- _Task prompt_
Pictures excluded, reproduce exactly the lines below from the one with "Комиксы для взрослых" through the one with "printable resume format%0A", both included.

- _Dataset entries_
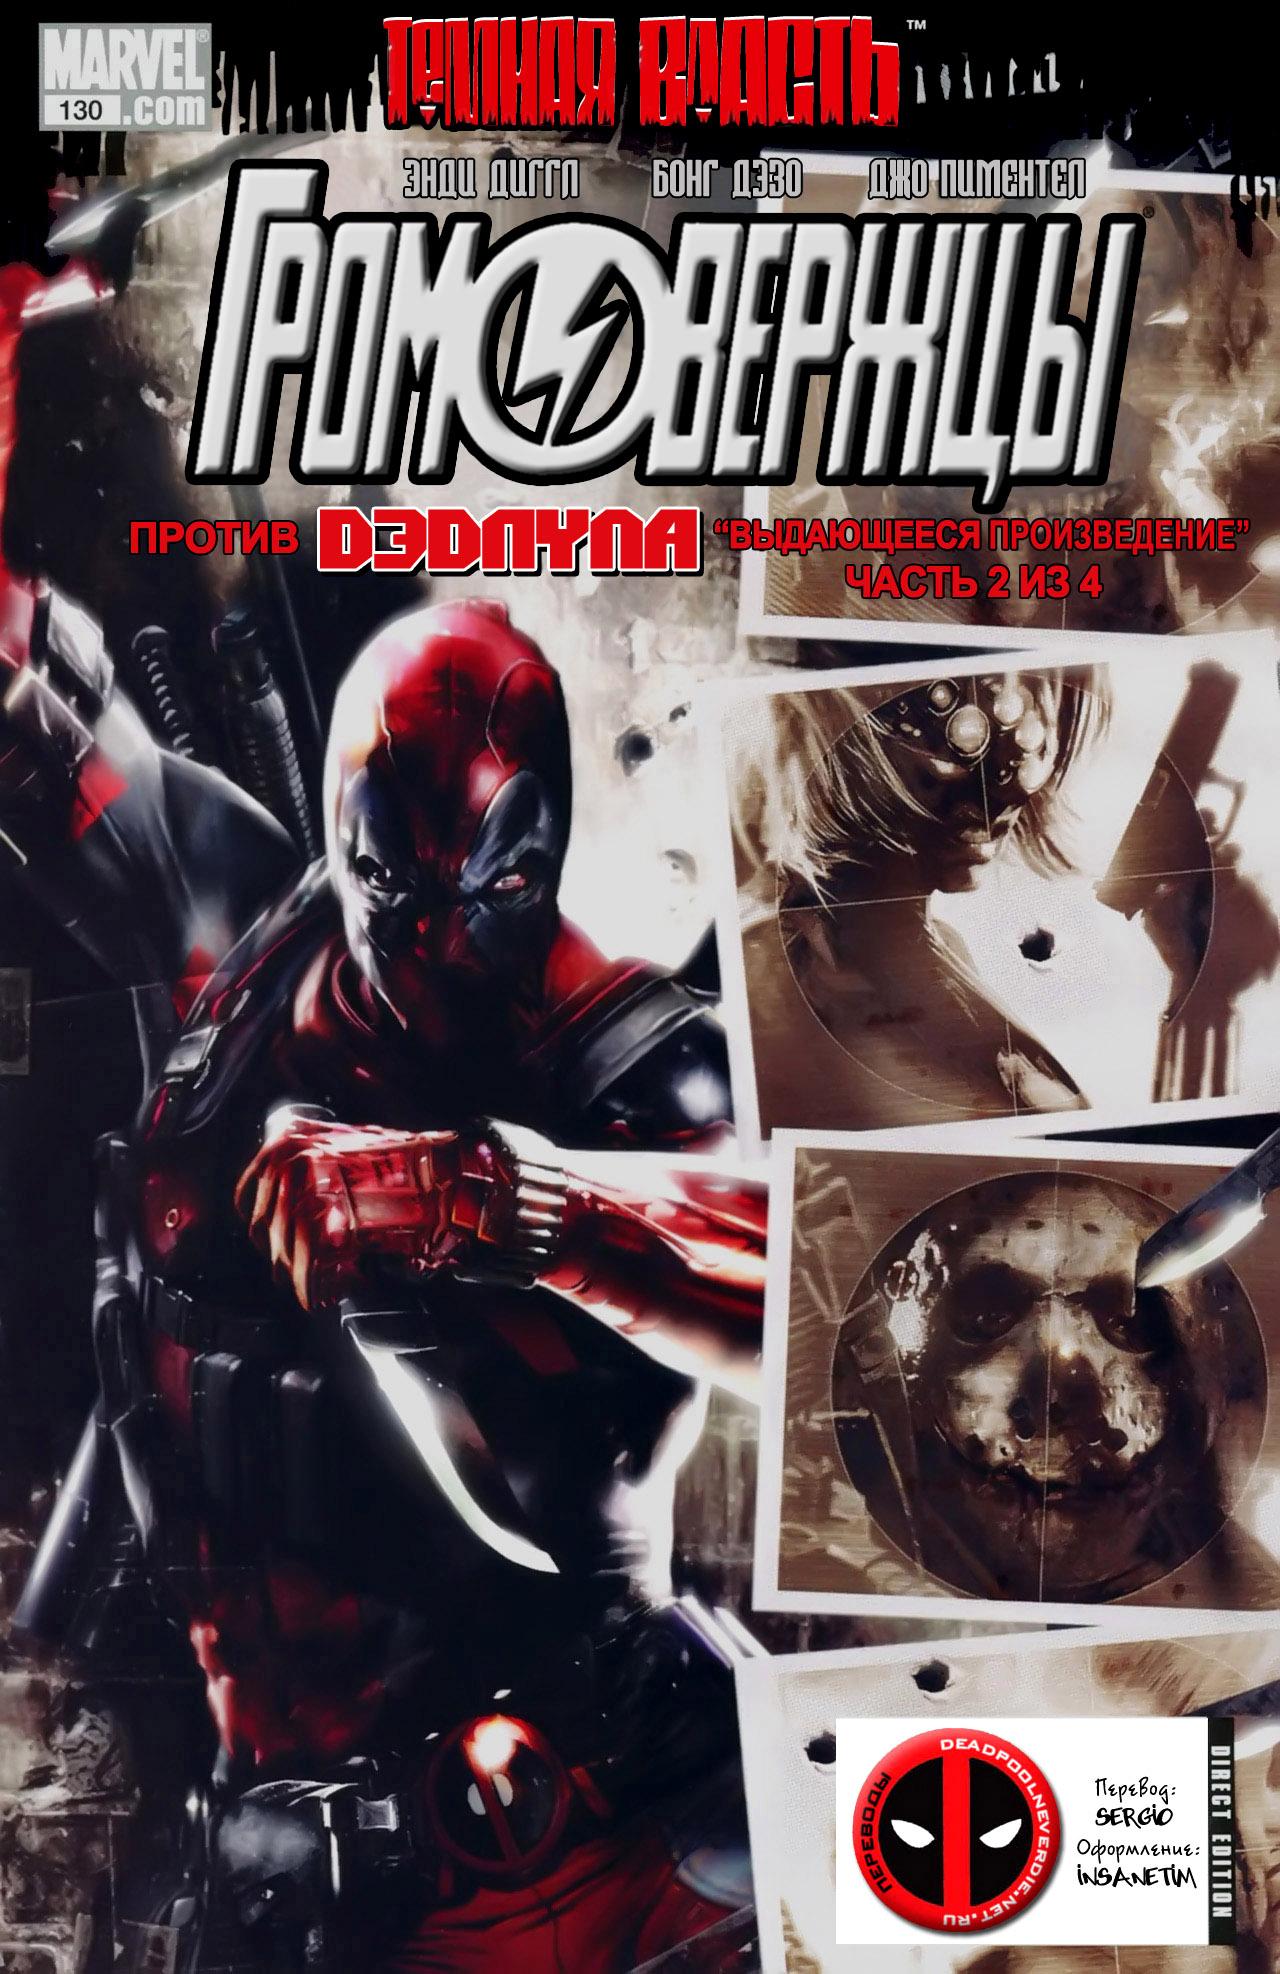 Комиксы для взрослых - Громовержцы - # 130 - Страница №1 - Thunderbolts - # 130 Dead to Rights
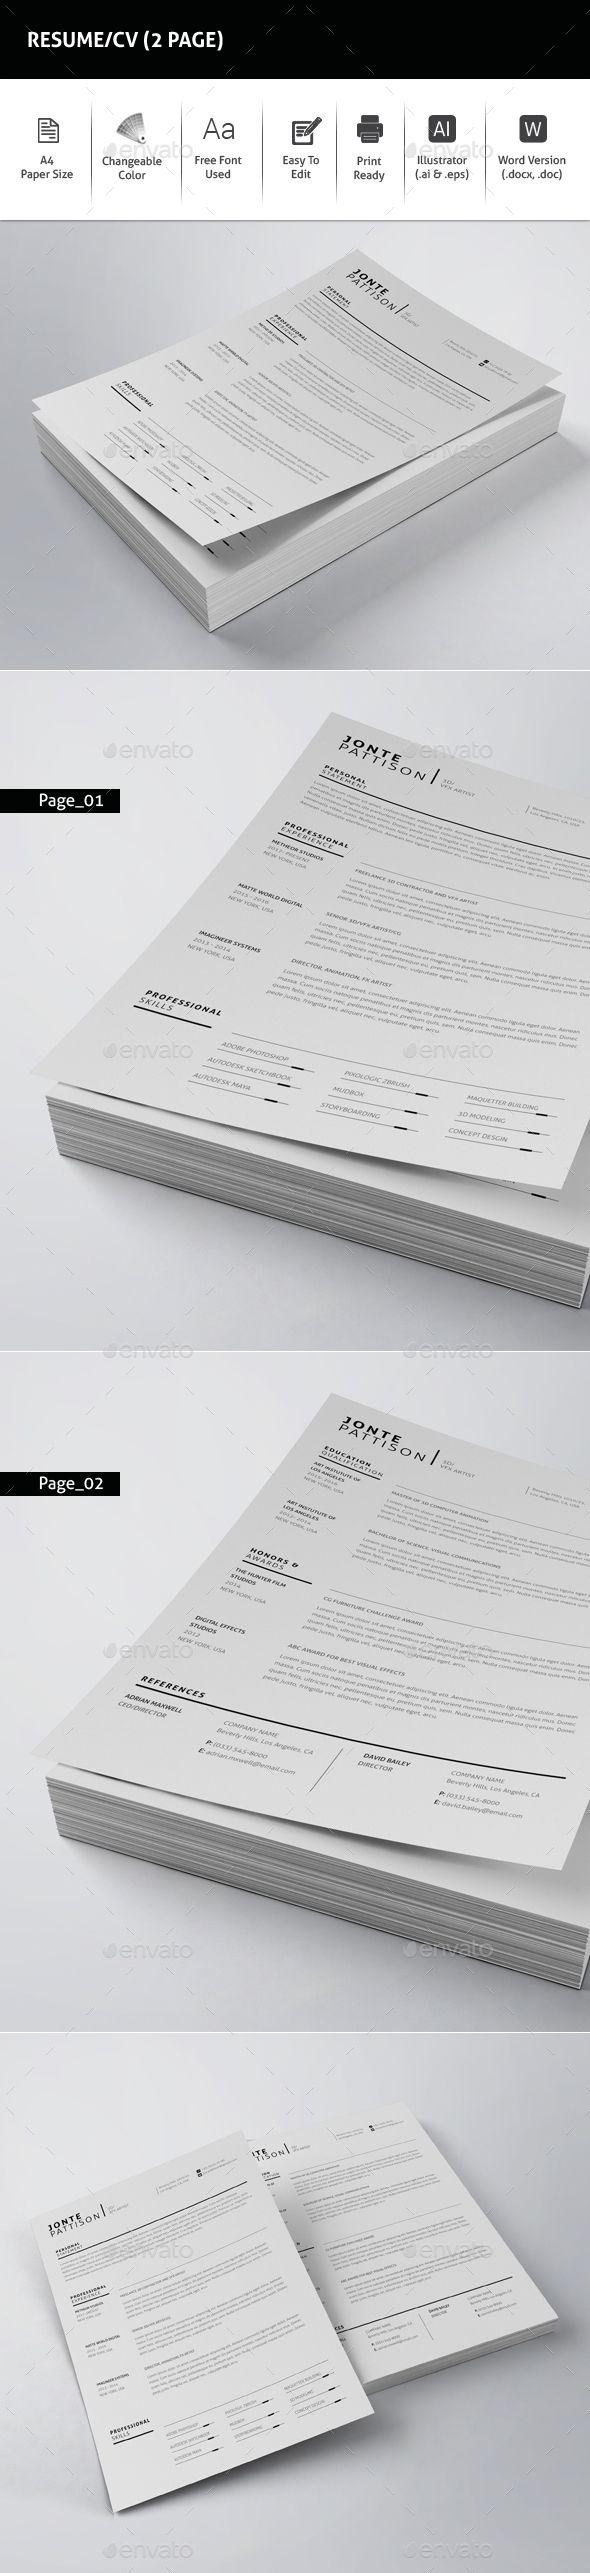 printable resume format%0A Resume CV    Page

...

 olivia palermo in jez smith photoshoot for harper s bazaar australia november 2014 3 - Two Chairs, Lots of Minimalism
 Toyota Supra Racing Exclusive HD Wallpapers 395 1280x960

- _Reply_
 Комиксы для взрослых - Громовержцы - # 130 - Страница №1 - Thunderbolts - # 130 Dead to Rights
 printable resume format%0A Resume CV    Page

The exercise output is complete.